One element of my job is covered but the main part isn't. I have to do the prep work before I'm off. I've not actually been off unexpectedly since my role development into what it is now but if I was ill, I'm not sure anyone could cover for me. Thankfully it hasn't happened and unless I was in hospital, I'd do limited work from home.

ifoundthebread · 17/11/2021 17:07

Mine does, because if it didn't there would be a lot less people able to pick their shopping up on time or it being delivered on time.

Knittingnanny · 17/11/2021 17:10

@Isabellabasil Yes! I’m retired now but had covid mildly a couple of weeks ago and said to my husband if this wasn’t covid I’d be at school today. I used to dread being ill and having to call my head before 7.30am. I can still hear the silent groan she made as she calculated the cost of a supply teacher for my class of 30 infants. By lunchtime I’d get a call to check I was returning the next day.

megletthesecond · 17/11/2021 17:11

Yes, almost everything.
I'm part of a small admin team so we can all do most of the work.

thecatsthecats · 17/11/2021 17:27

In my old job, it wasn't so much cover as opportunity cost.
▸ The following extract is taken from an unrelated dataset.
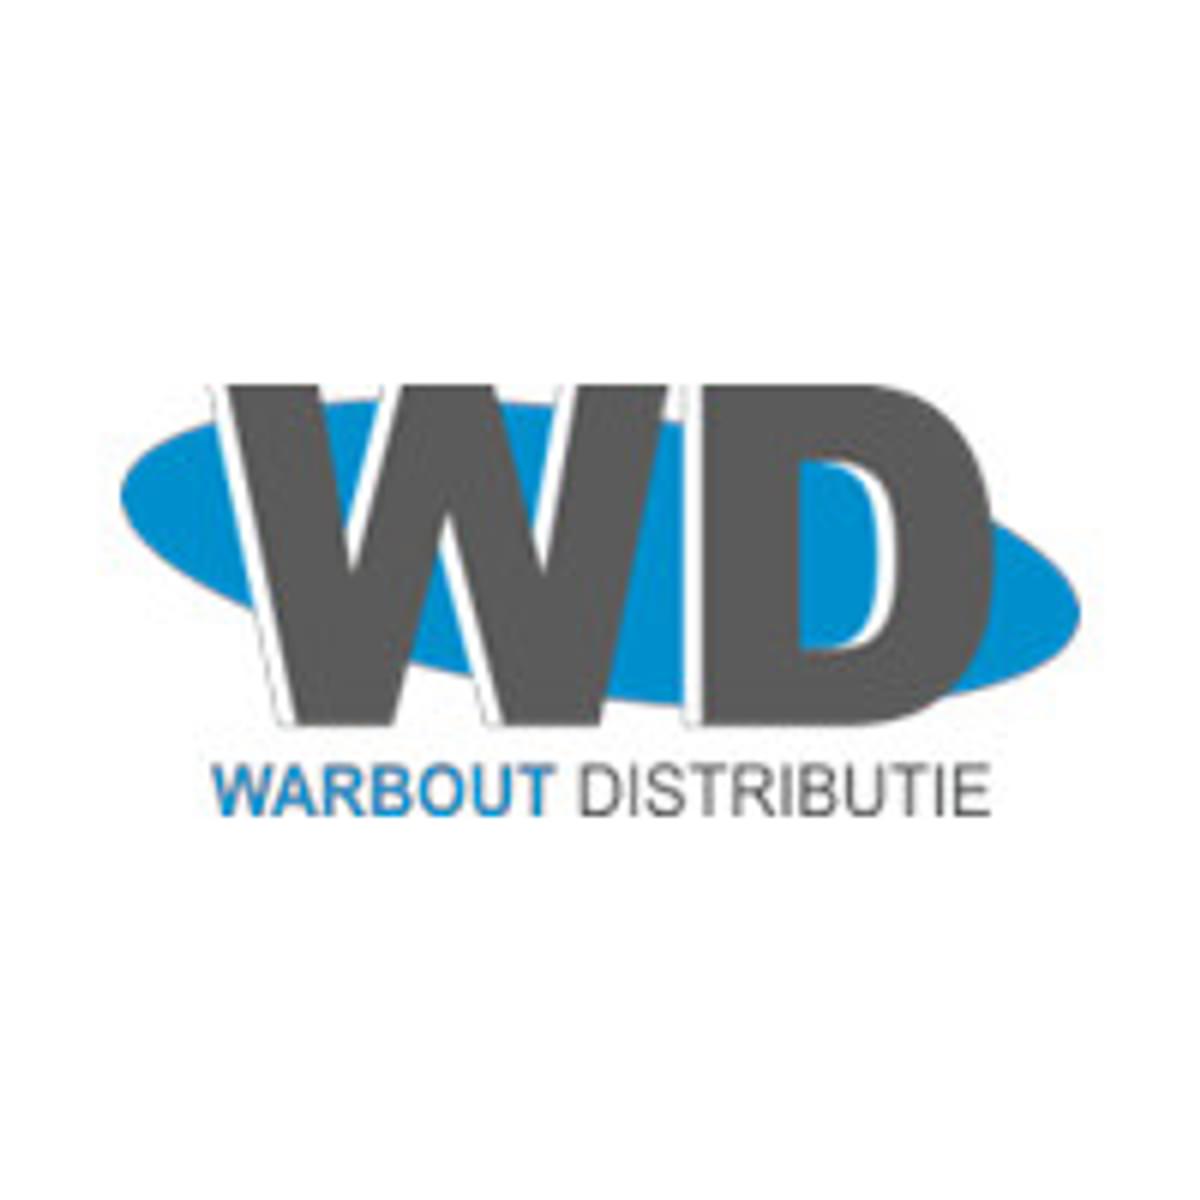 Warbout Distributie verhuist naar ruimere bedrijfshal image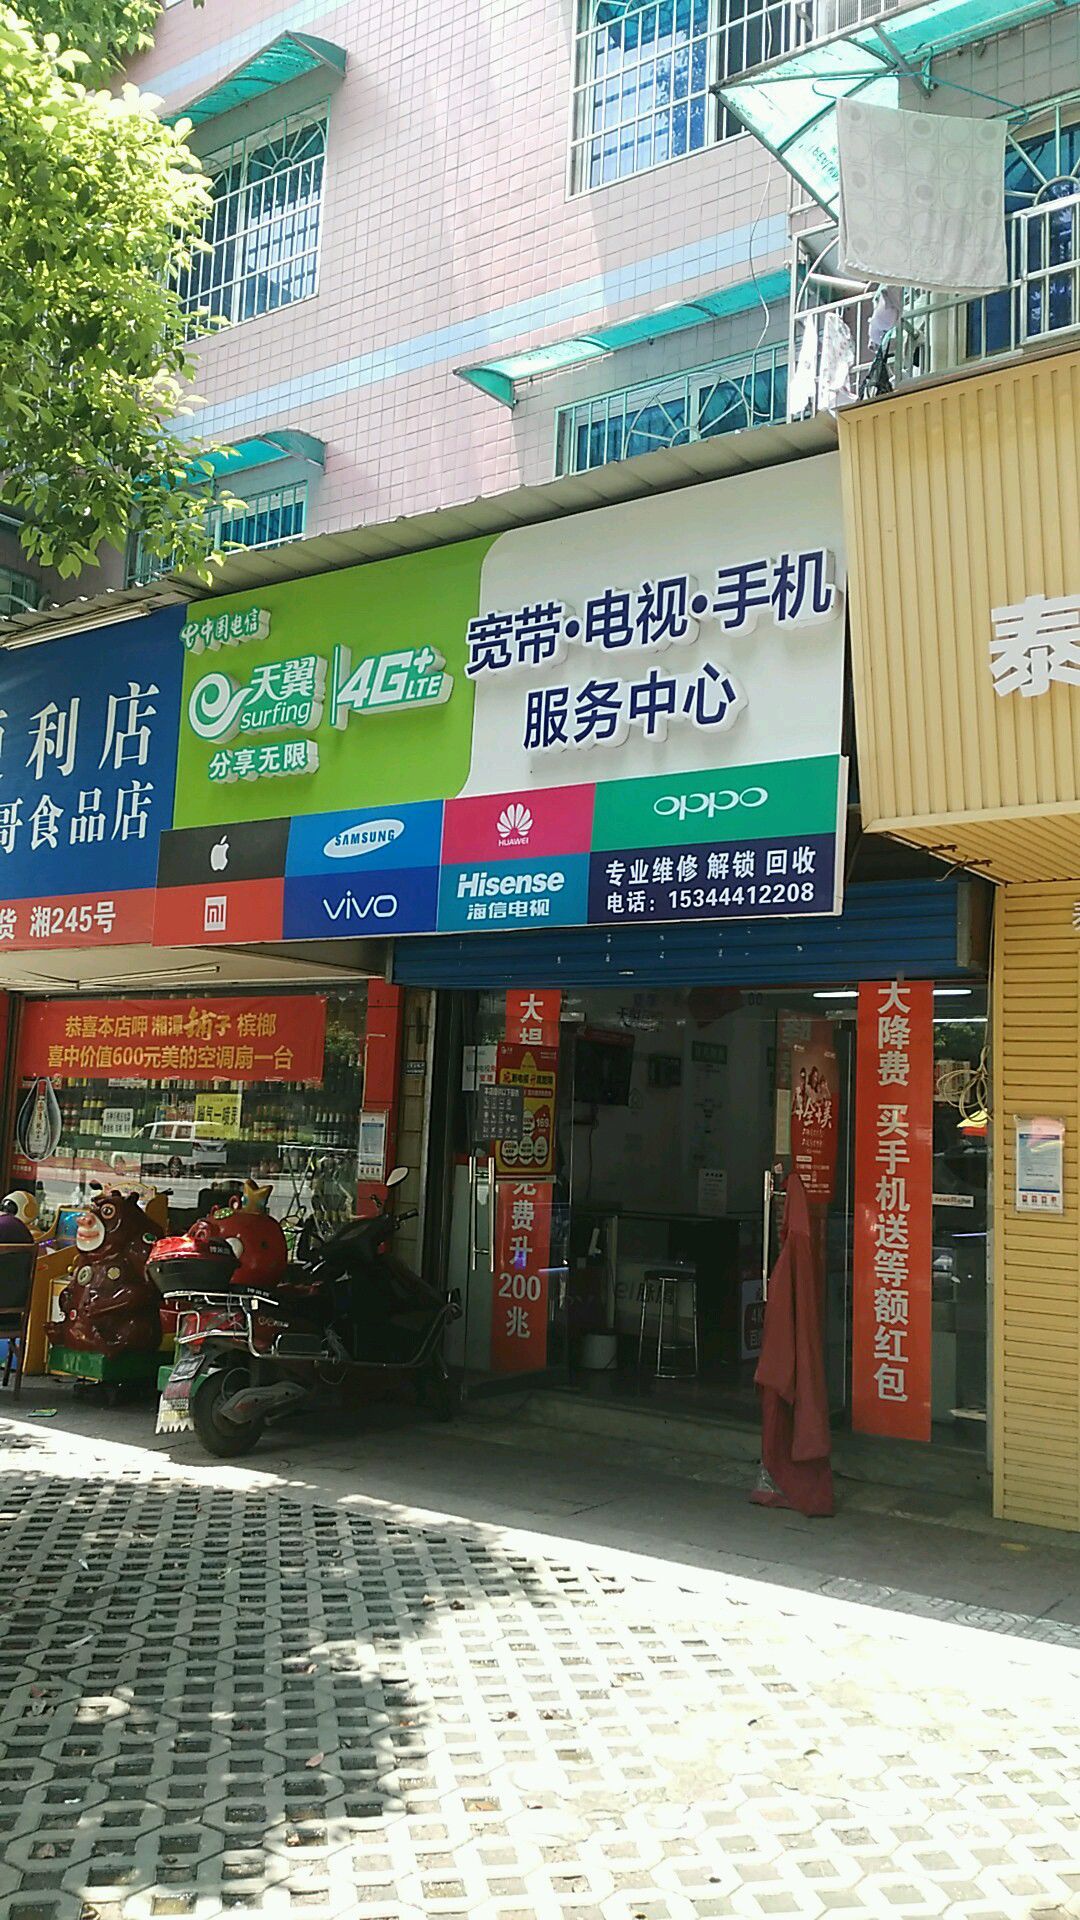 中國電信寬帶電視手機服務中心

Most of my workload had "cover", some of it would build up, but another chunk was opportunity generation and future-proofing. Hard to put a figure on lost opportunities as when they're gone, they're gone.

Bluntness100 · 17/11/2021 17:31

No, but I tend to cover it remotely if I see something urgent coming in, I have my work emails come through on my work phone.

If I was off unexpectedly for a prolonged period my boss would cover it.